• [PROVIDED MATERIAL]:
- Opening Delimiter -
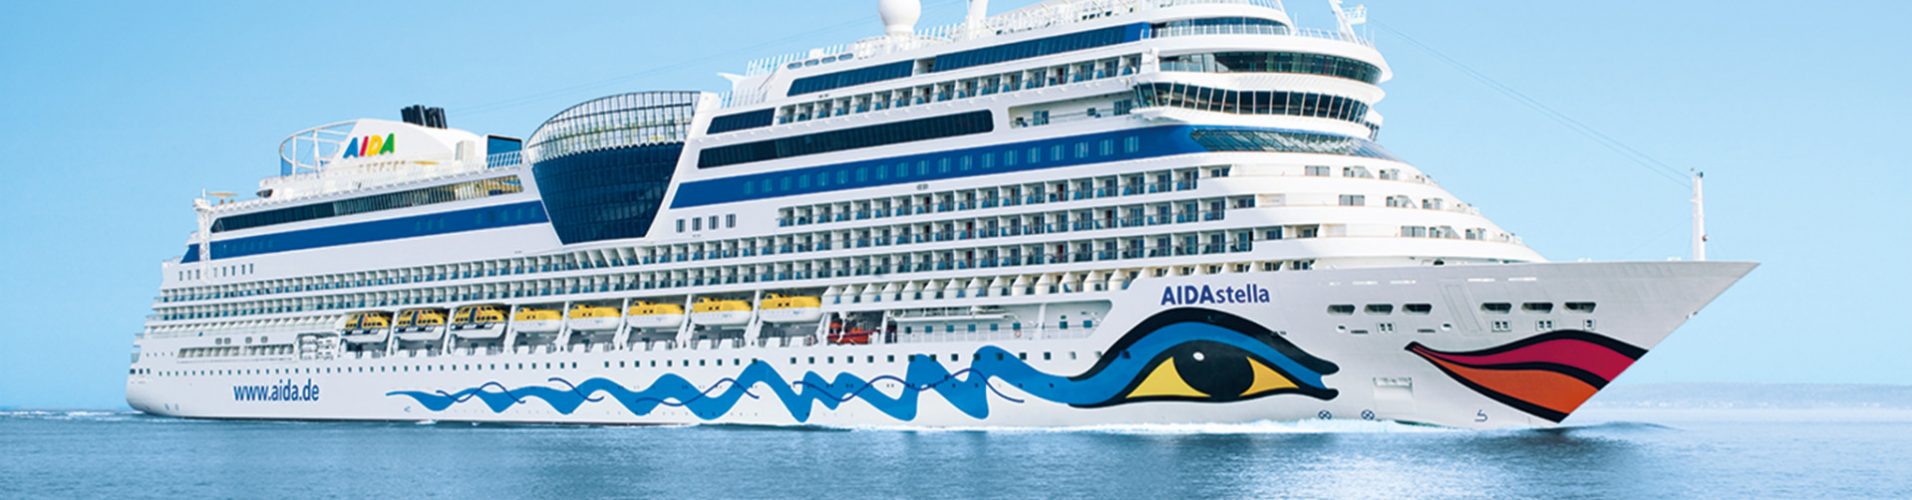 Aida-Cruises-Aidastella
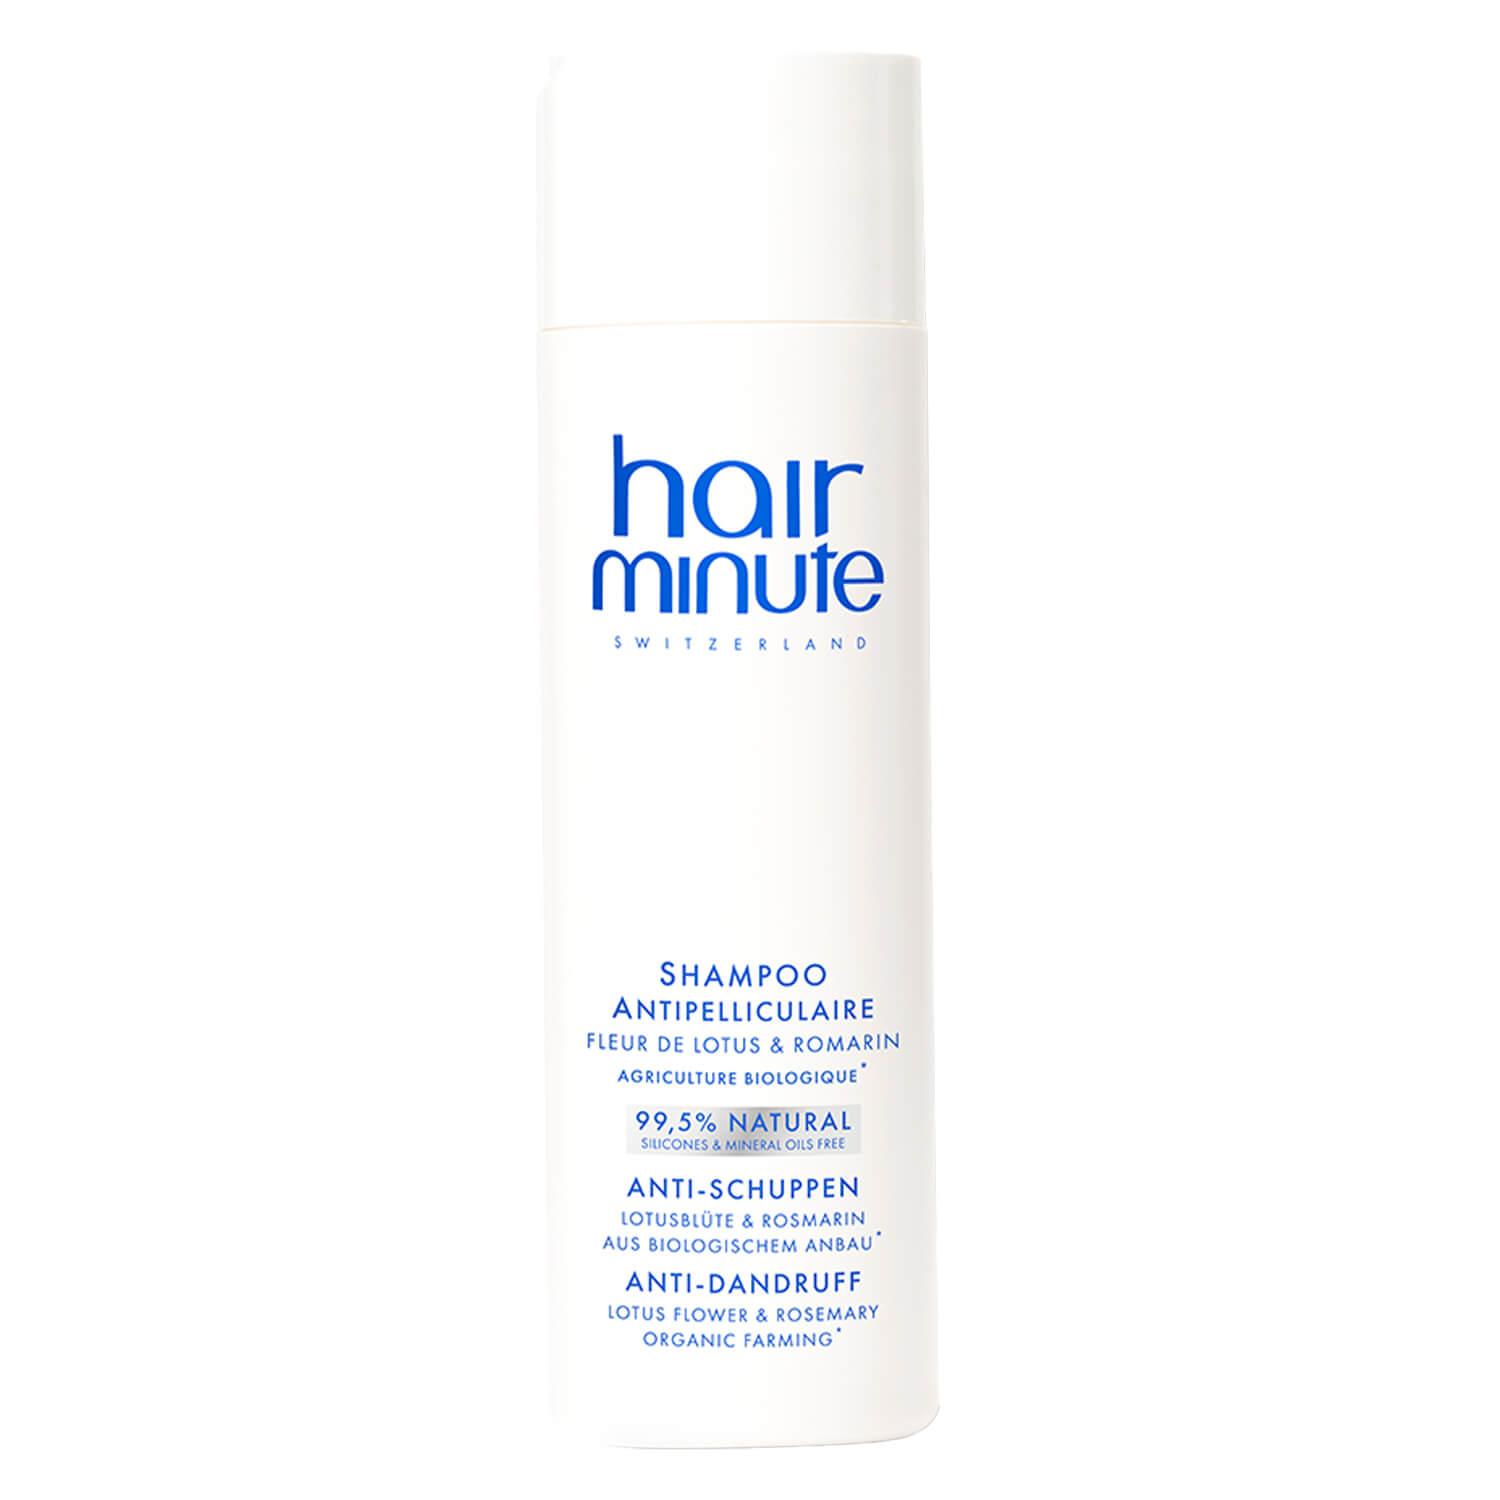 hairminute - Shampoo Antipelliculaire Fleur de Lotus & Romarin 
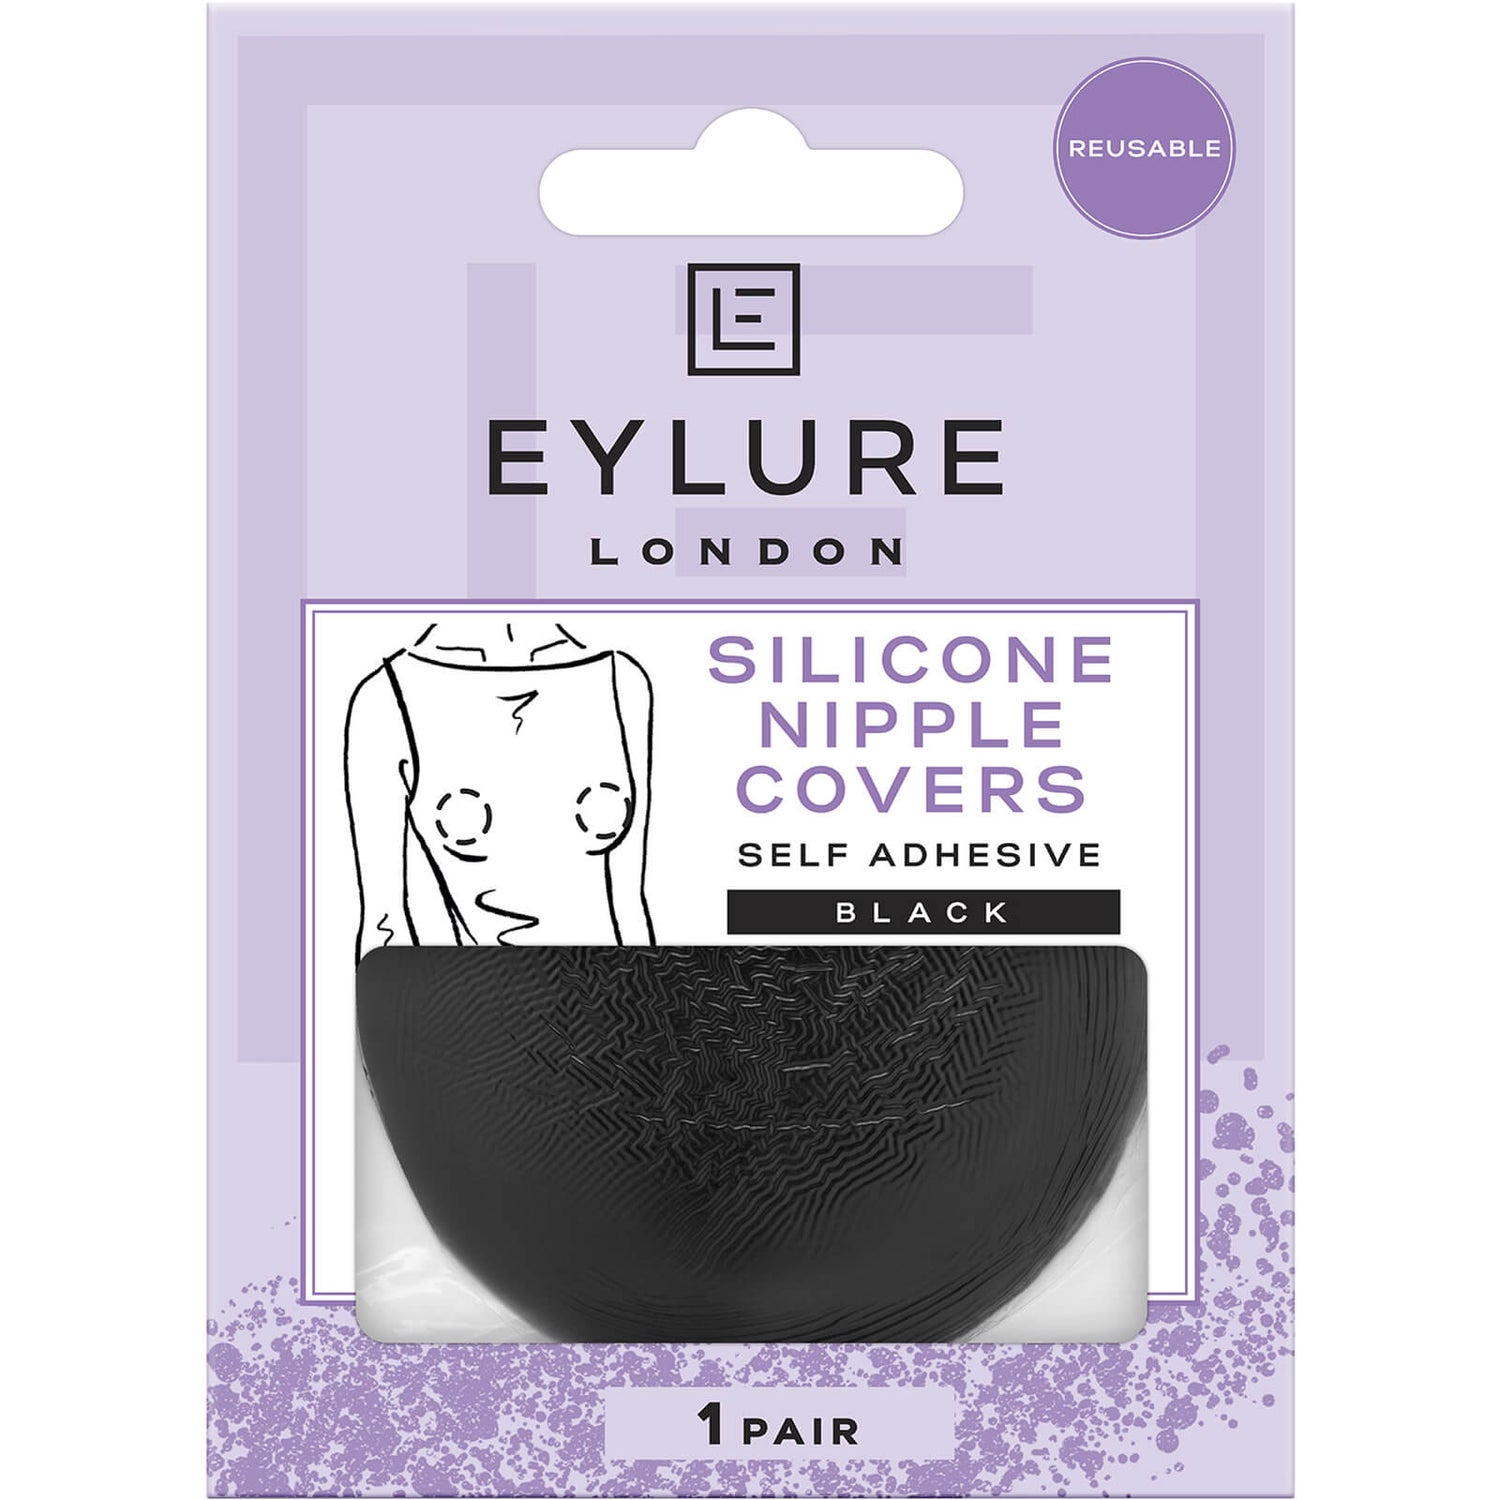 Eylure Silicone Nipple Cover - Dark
- Closing Delimiter -
• [TASK DETAILS]: Drop the pictures, then write out only the lines running from the one containing "hairminute - Shampoo" through the last line above, both included, exactly.

• [EXERCISE RESPONSE]:
 hairminute - Shampoo Antipelliculaire Fleur de Lotus & Romarin 
 Eylure Silicone Nipple Cover - Dark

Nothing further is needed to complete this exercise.